Leave should be granted

  1. There are special circumstances in this case which enliven the discretion to grant leave to use the Hyman affidavit in CIV 2026 of 2013 and which make it appropriate to exercise that discretion to grant leave.  First, the affidavit is sought to be used in another action with the same plaintiffs.  Secondly, there is a degree of commonality between subject matters of the proceedings.  The subject matter of both actions is or relates to the provision of consultants by Platinum to NRW under the Master Services Agreement, the relationship between the plaintiffs and Mr Wallace and Ms Worrall and the allegations alleged to have been made by Mr Roestenburg to Mr Rooney.  Those allegations are the foundation of the claim in defamation in CIV 2026 of 2013 and are relevant to the allegedly defamatory email sent by Mr Hyman to Ms Rogers which founds the defamation claim in this action.  In CIV 2026 of 2013 Mr Roestenburg has pleaded qualified privilege.  He says that he made the allegations, or such of them as he did make, to Mr Rooney who had an interest or apparent interest in receiving information concerning Ms Curtis' connection to Platinum.  Mr Roestenburg pleads that his conduct in doing so was reasonable in the circumstances.  Mr Hyman's affidavit discloses that what Mr Roestenburg said to Mr Gibson of Deutsche Bank about the ownership of Platinum caused Mr Pemberton to ask Mr Hyman to look into what was going on.  It is reasonable to infer that the fact that Mr Roestenburg spoke to Mr Grant about the ownership of Platinum, which caused Mr Grant to inform Mr Rooney that Mr Roestenburg has spoken to him about the ownership of Platinum, is information which might enable the plaintiffs to damage Mr Roestenburg's case of qualified privilege or may fairly lead the plaintiffs to a train of inquiry which may advance their case or damage Mr Roestenburg's.

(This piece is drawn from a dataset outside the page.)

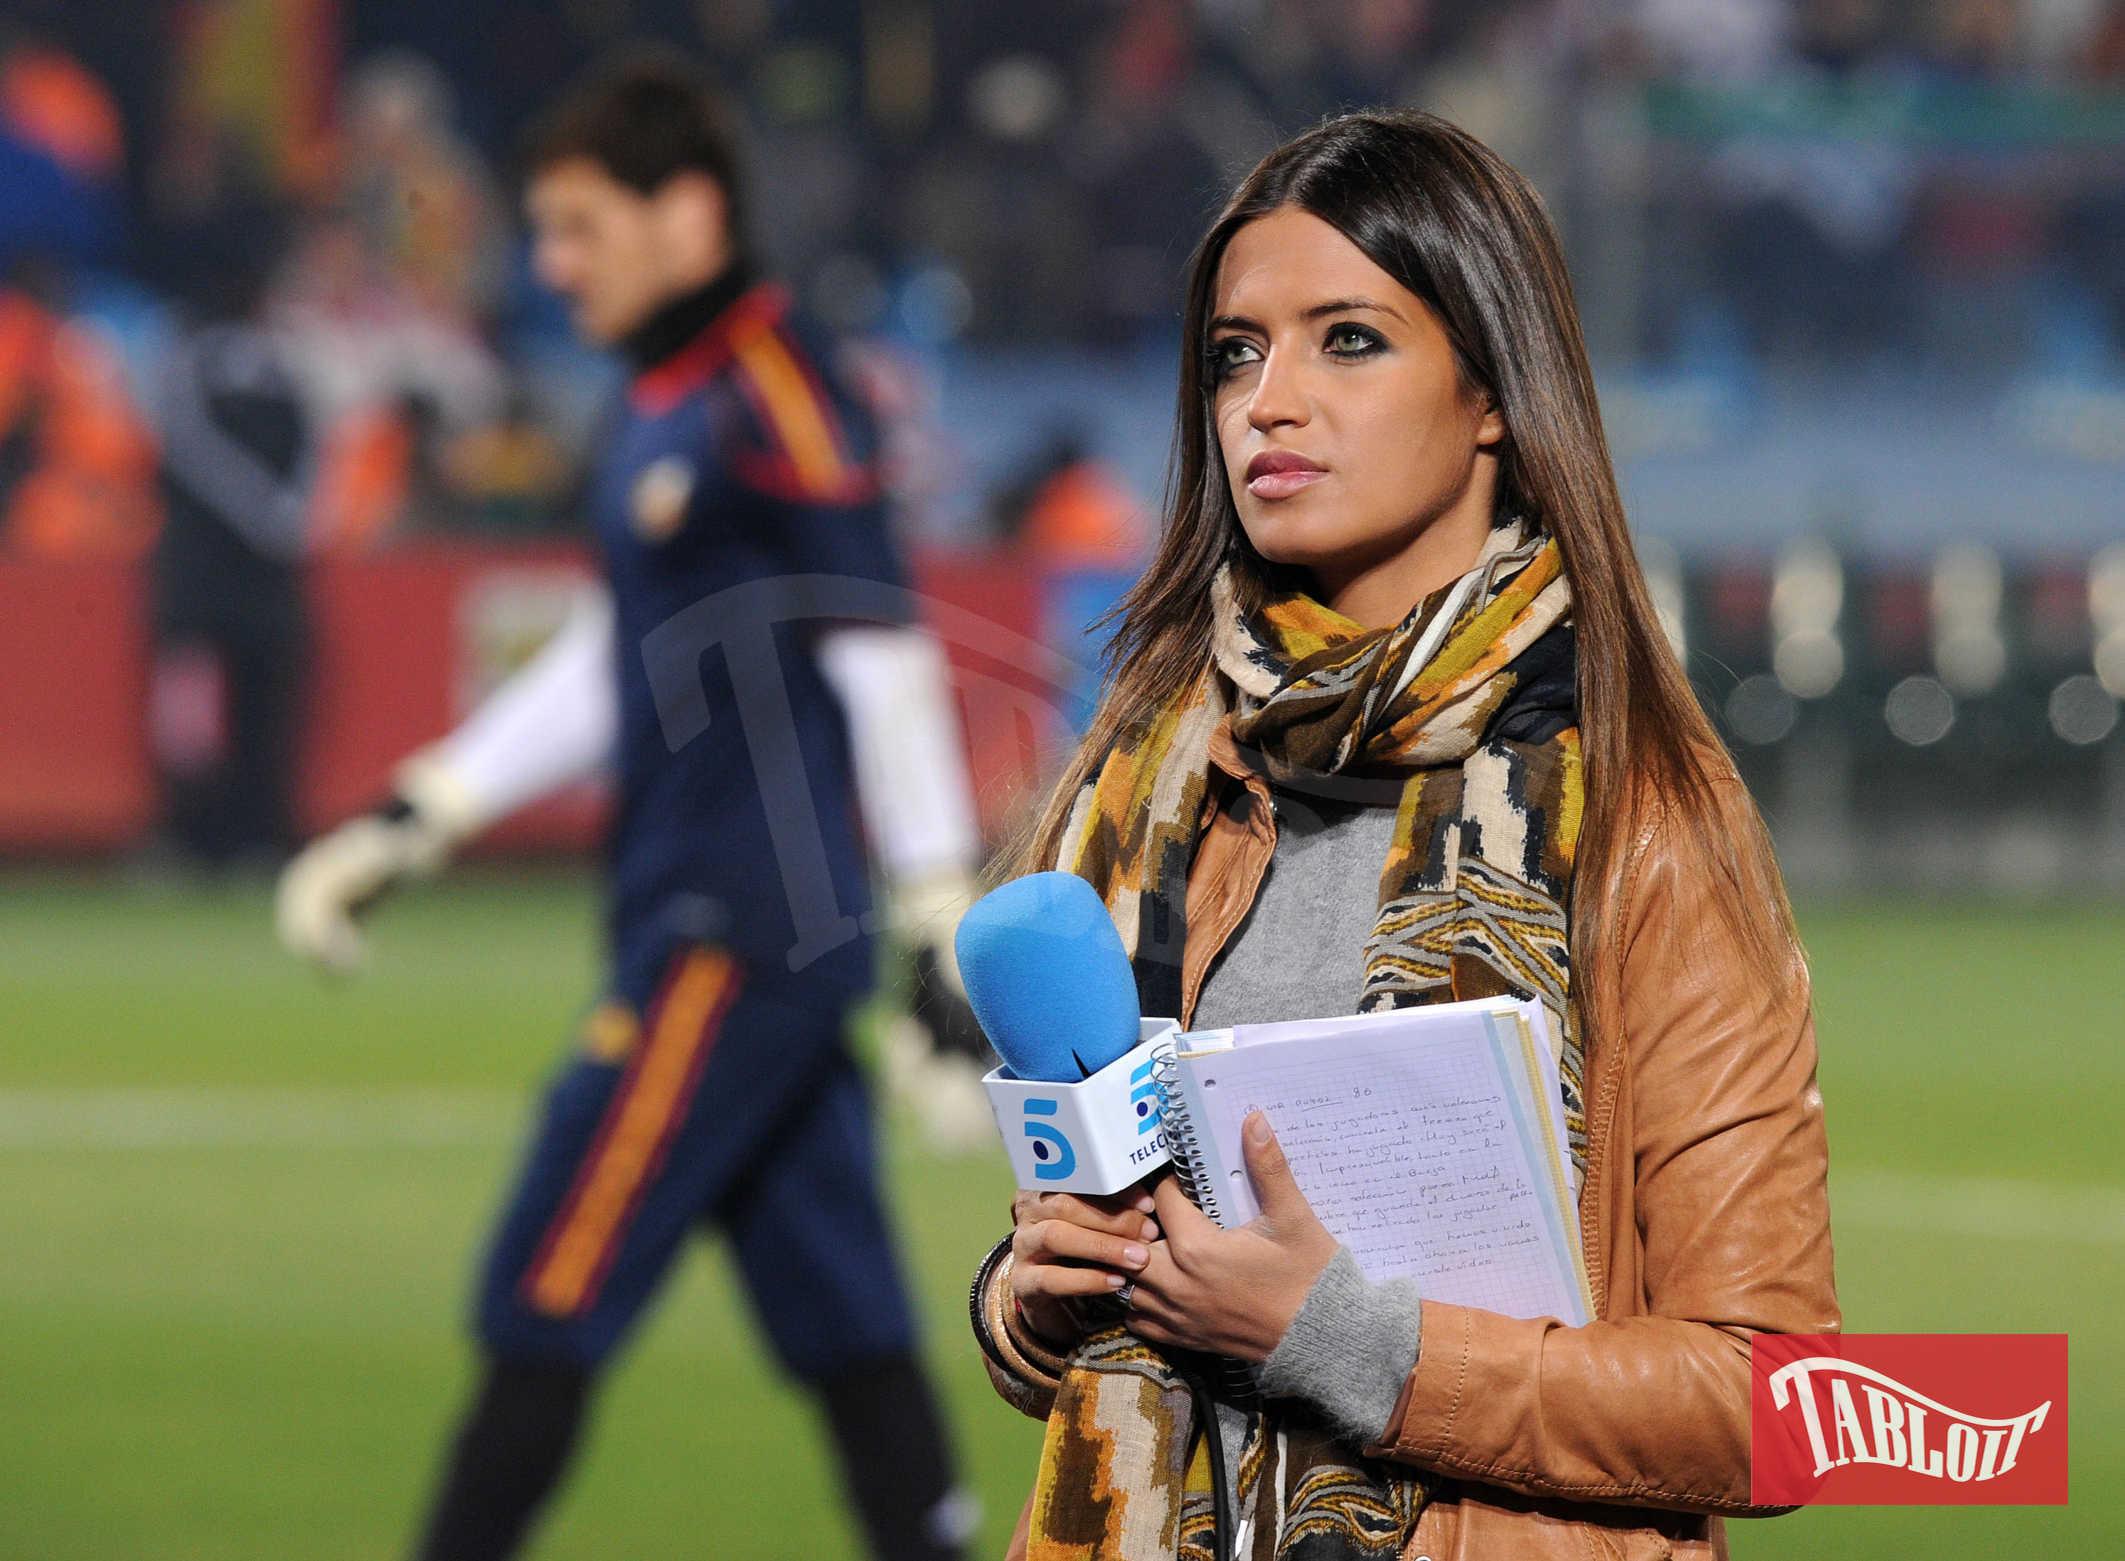 La giornalista Sara Carbonero sui campi dello stadio a Pretoria nel 2010 durante la Fifa World Cup. Sullo sfondo il fidanzato, ora marito, il portiere Iker Casillas
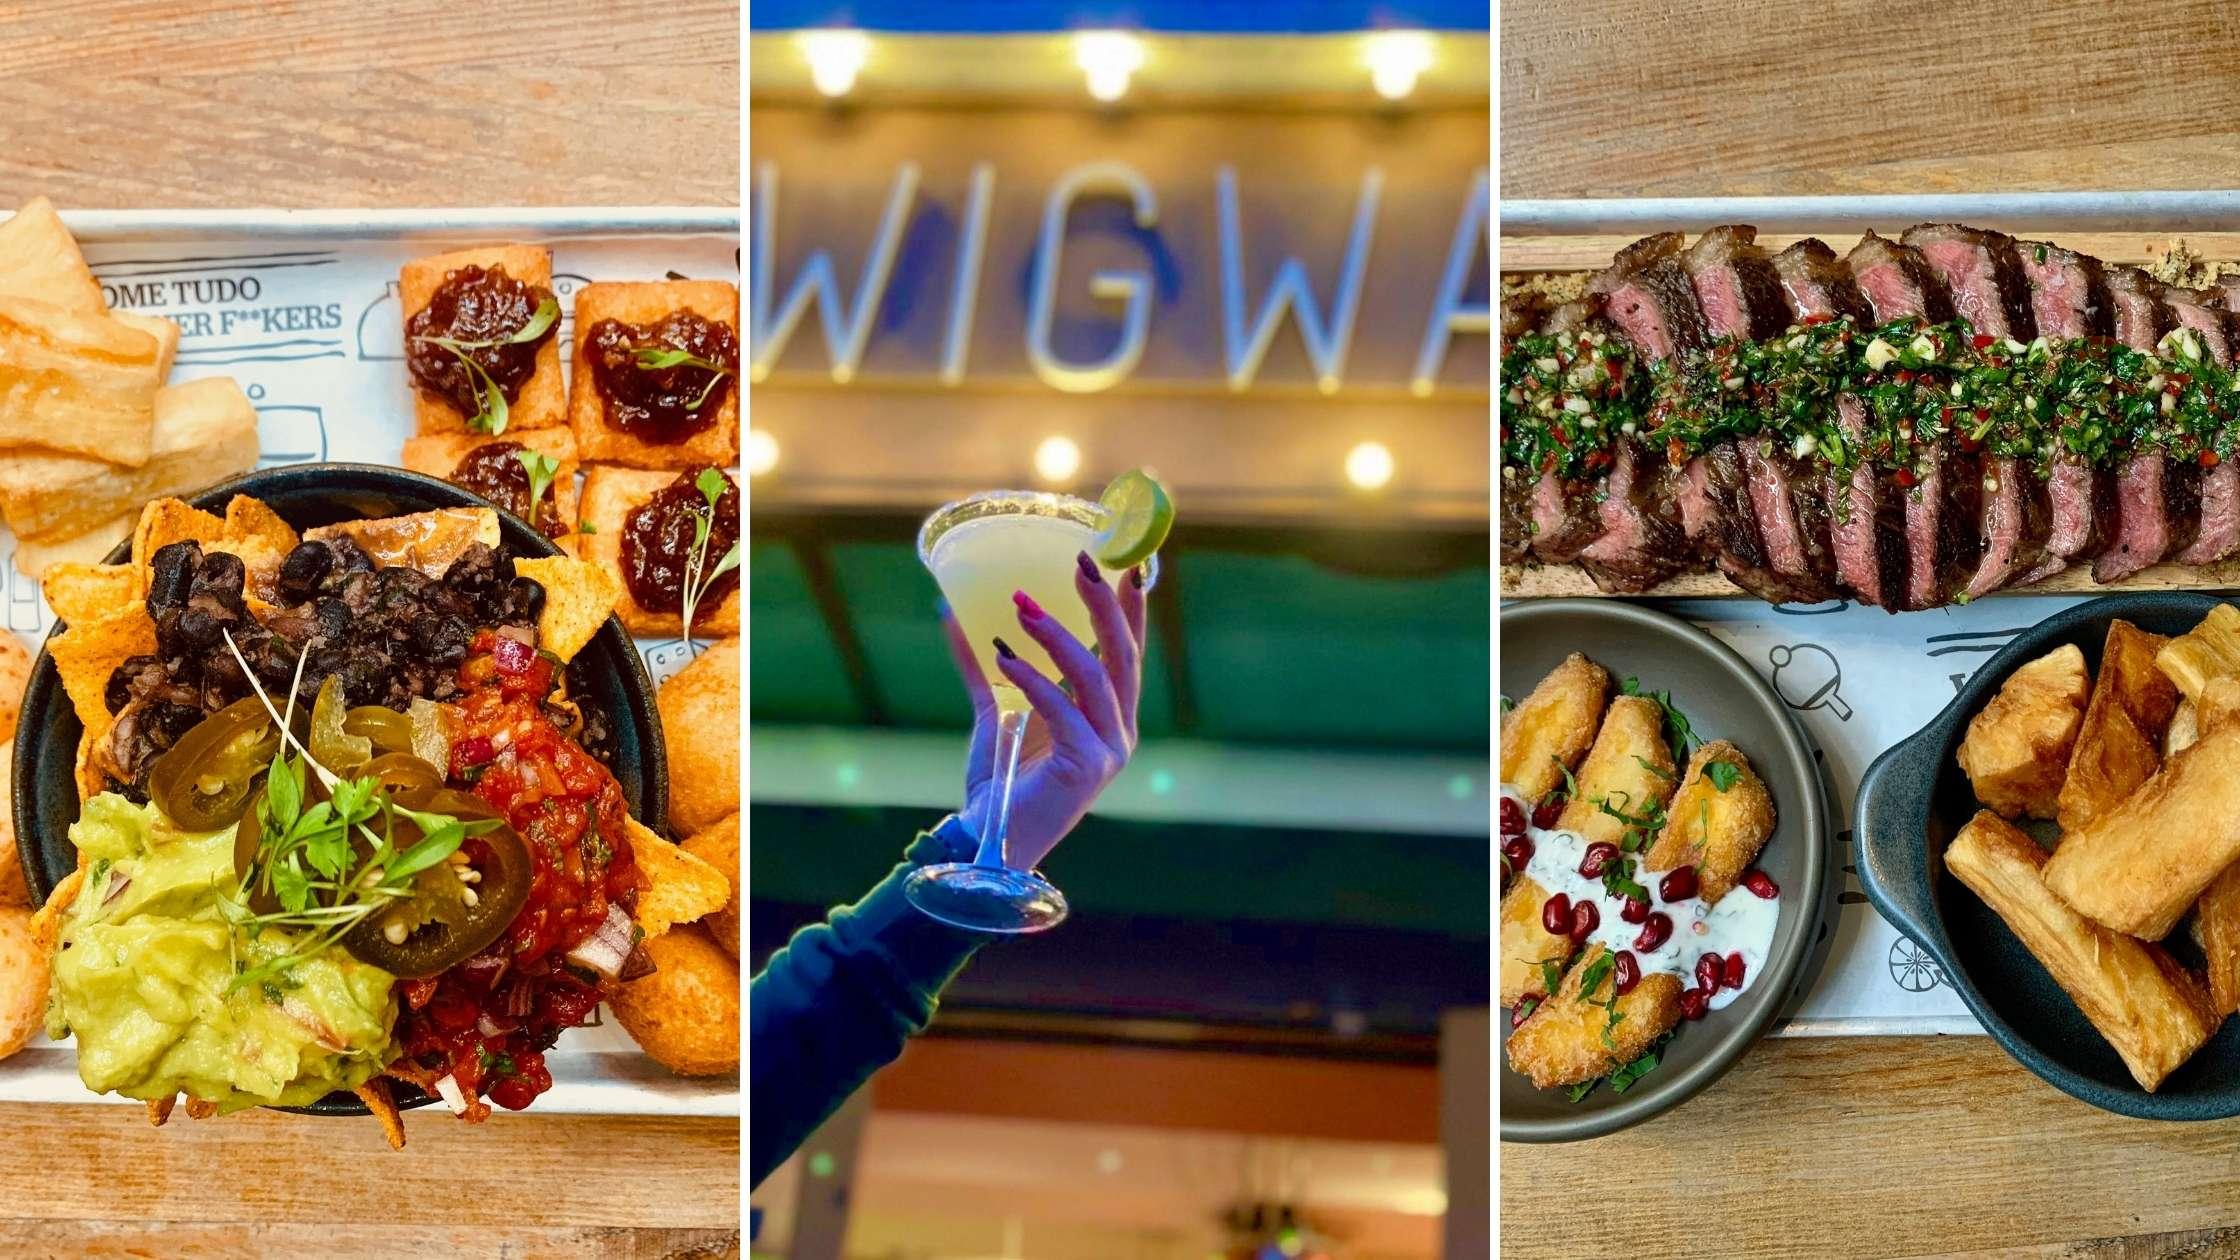 Wigwam Food & Drink

  2. Thirdly, the defendants do not claim that the information in Mr Hyman's affidavit is confidential.  Fourthly, Mr Hyman included the information in his affidavit which was prepared for the purpose of use in the plaintiffs' application for partial summary judgment.  That is, the defendants anticipated that the affidavit would be read in court whereupon the information would pass into the public domain and the plaintiffs would be free to use the information in the affidavit for purposes other than this action.

  3. Fifthly, there is a public interest in the information in Mr Hyman's affidavit which relates to matters which will be traversed in CIV 2026 of 2013 being available to the plaintiffs in that action.  The public interest in getting at the truth in CIV 2026 of 2013 outweighs the defendants' privacy interest in the Hyman affidavit not being used for purposes other than this action.  Sixthly, it has not been demonstrated that the use of the Hyman affidavit by the plaintiffs in CIV 2026 of 2013 will cause any harm or prejudice to the defendants in this action.

Conclusion

  1. For the reasons stated the plaintiffs will be given leave to use the Hyman affidavit in CIV 2026 of 2013.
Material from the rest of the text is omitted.